- _TASK GOAL_
The answer must reproduce the listing exactly, with every picture left out.

- _SUPPLIED MATERIAL_
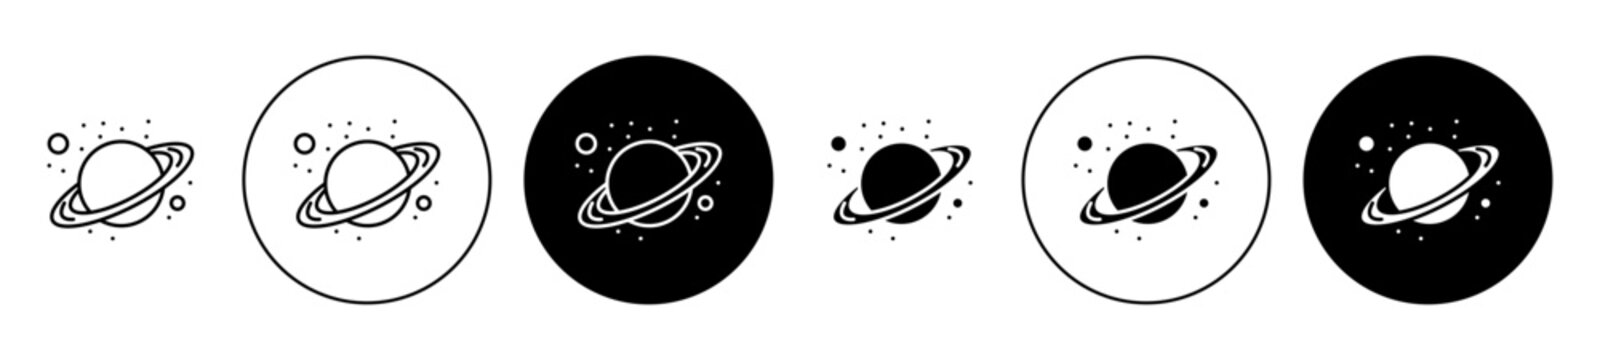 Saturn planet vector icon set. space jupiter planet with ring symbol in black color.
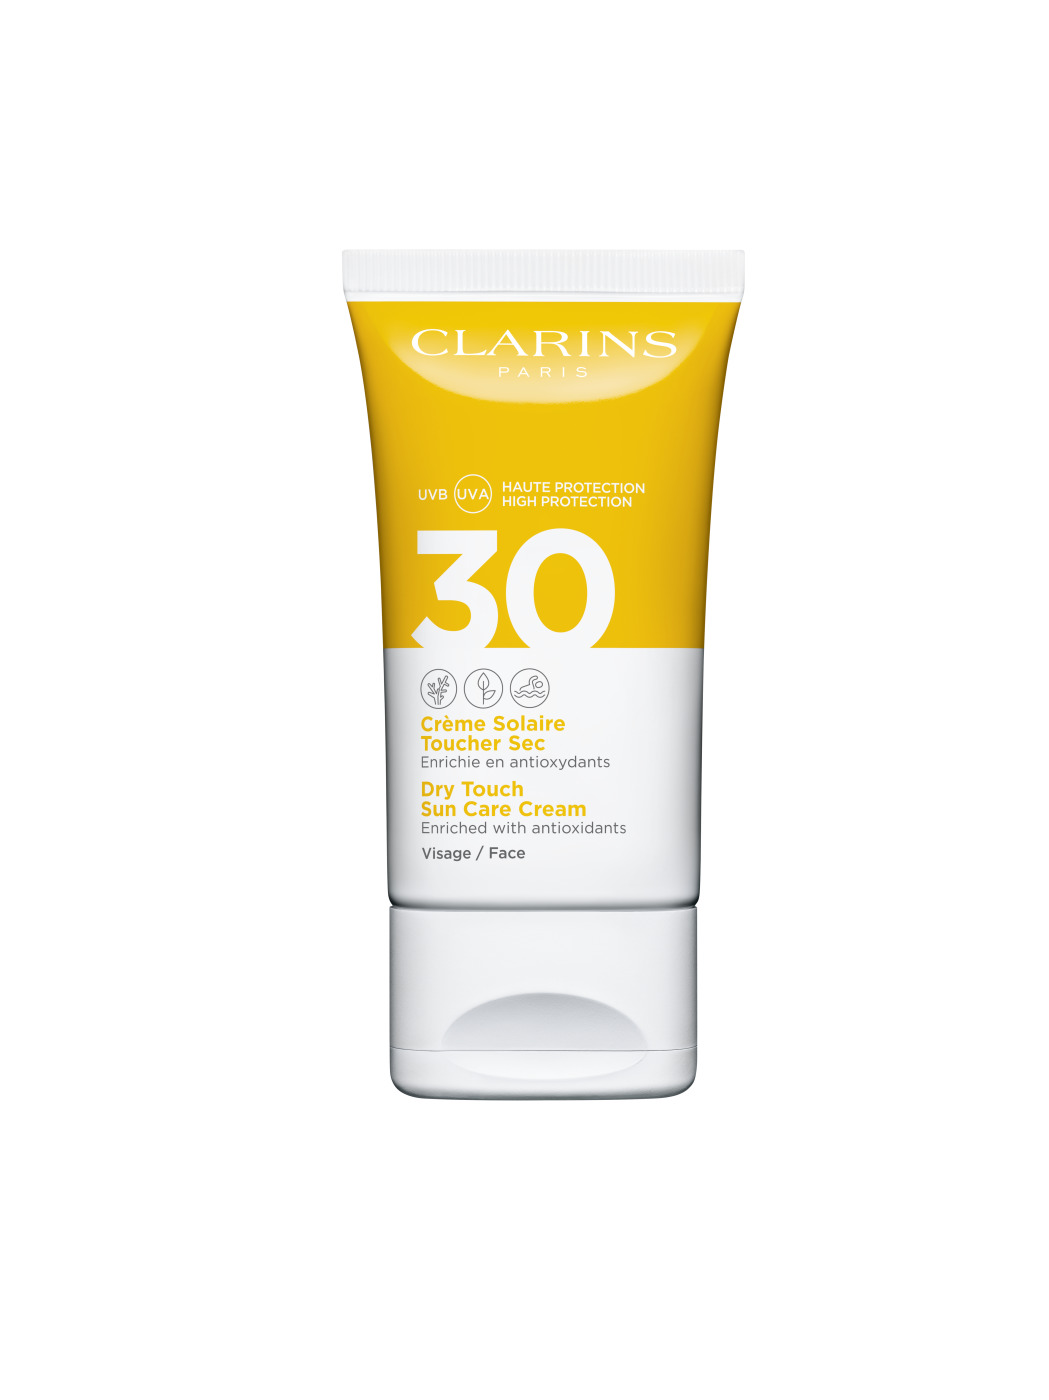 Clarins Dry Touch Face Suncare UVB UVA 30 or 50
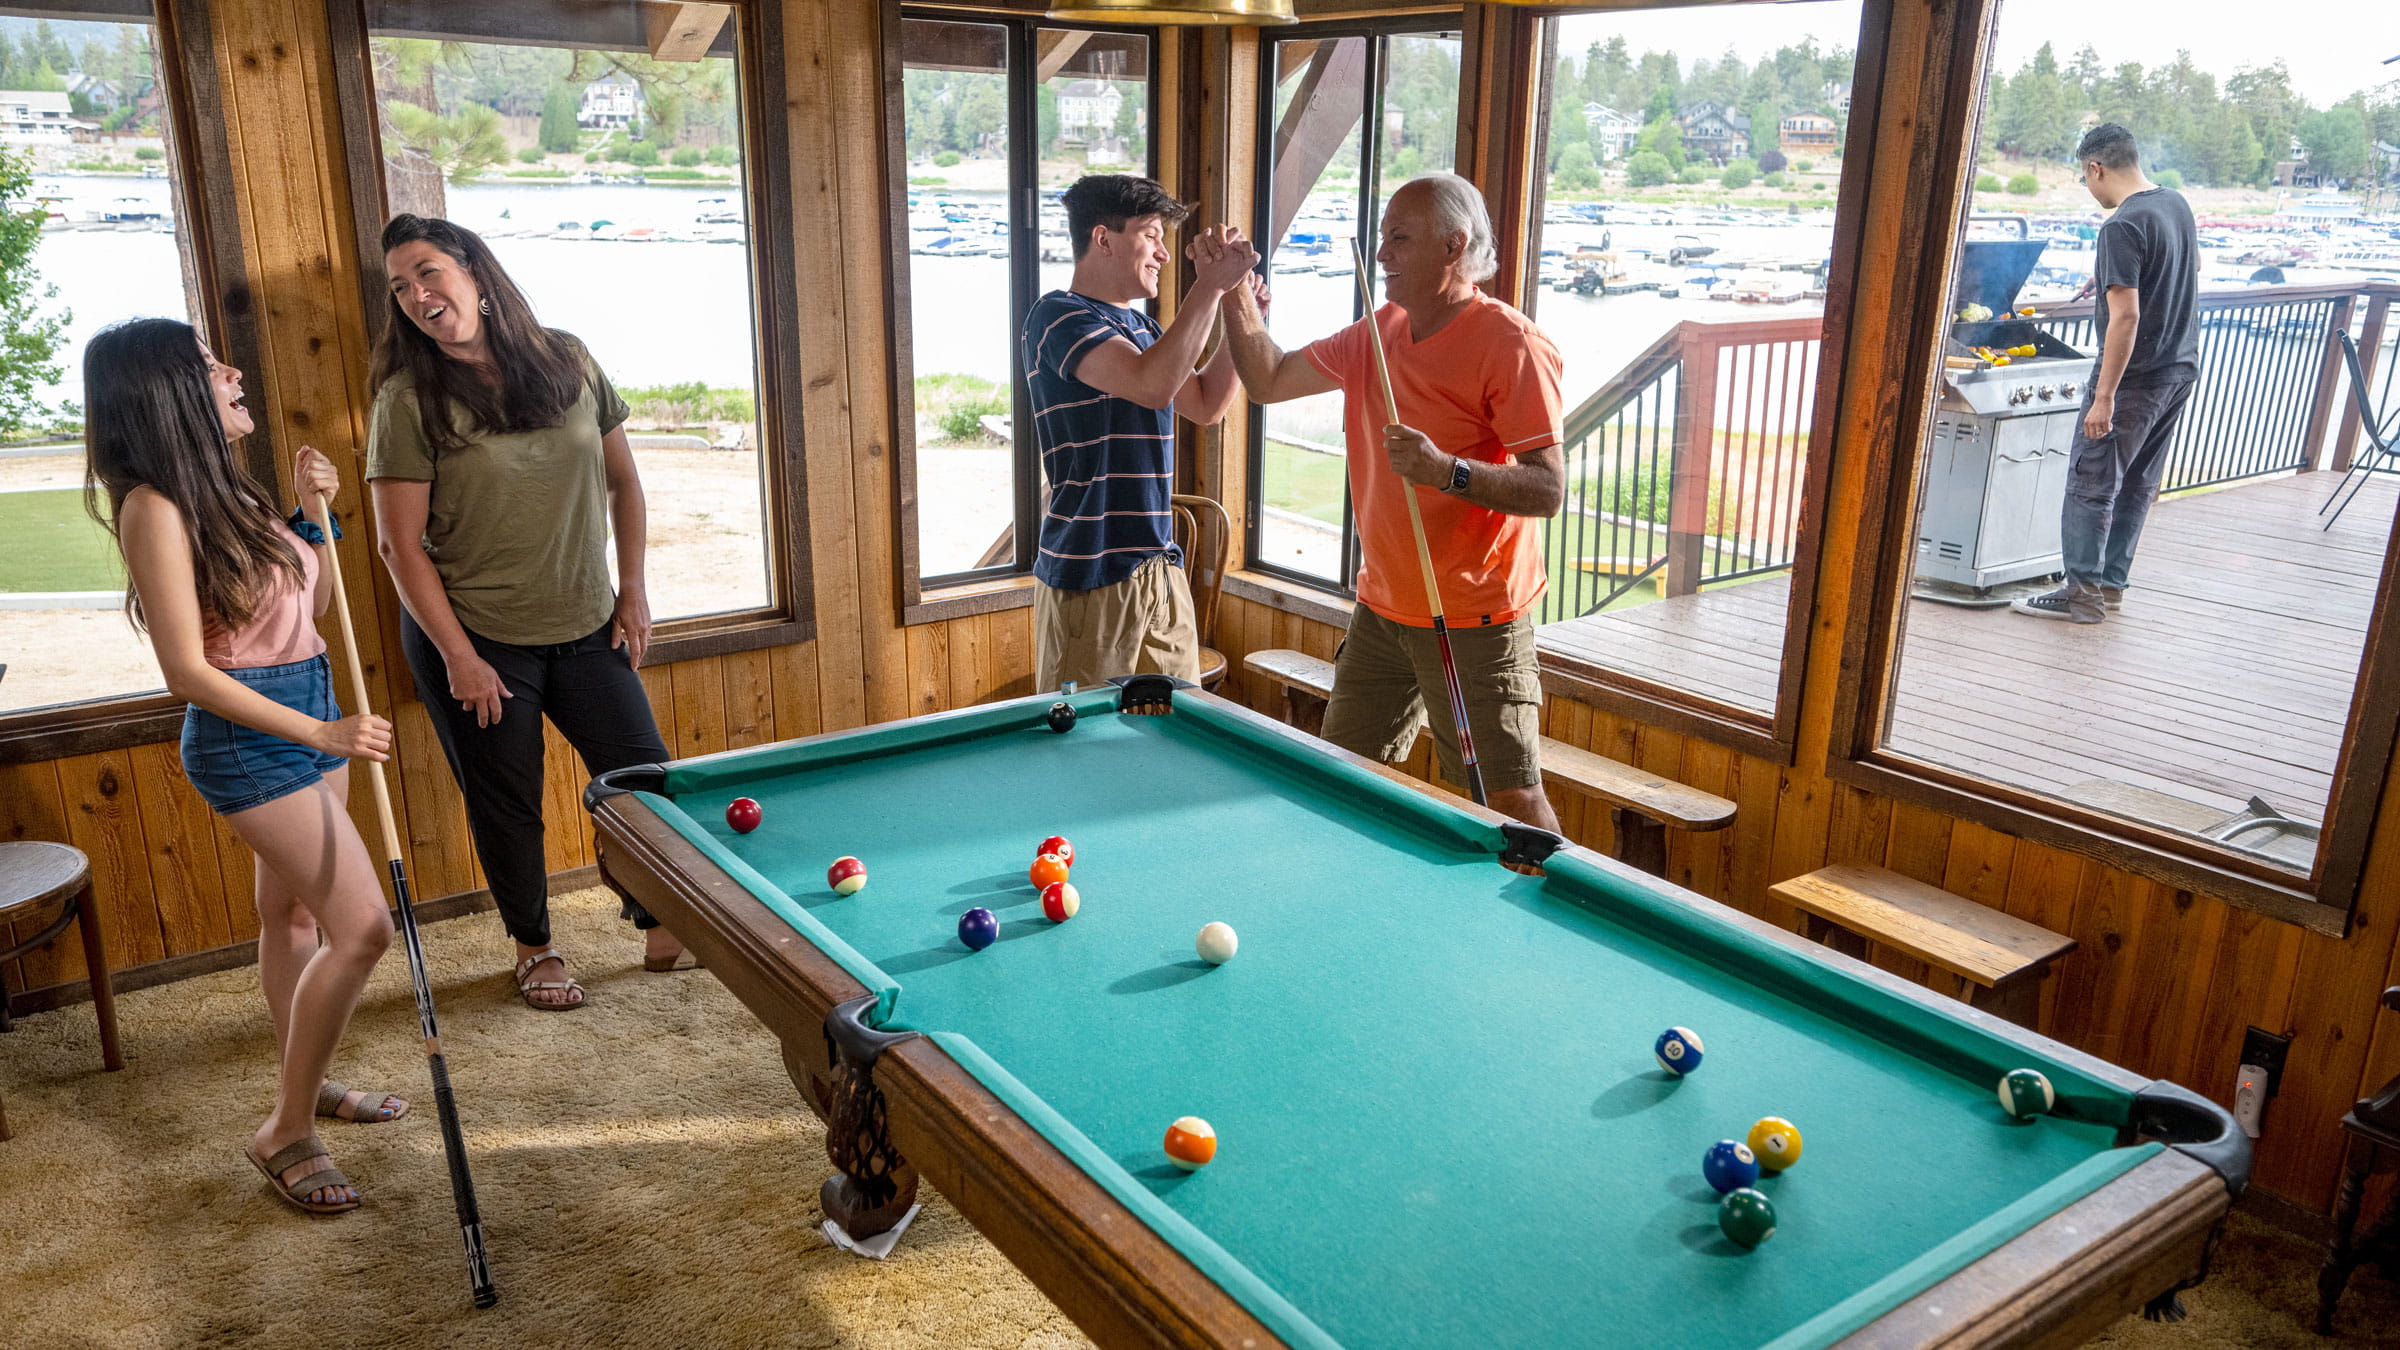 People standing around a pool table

- _TASK OUTPUT_
 Saturn planet vector icon set. space jupiter planet with ring symbol in black color.
 Clarins Dry Touch Face Suncare UVB UVA 30 or 50
 People standing around a pool table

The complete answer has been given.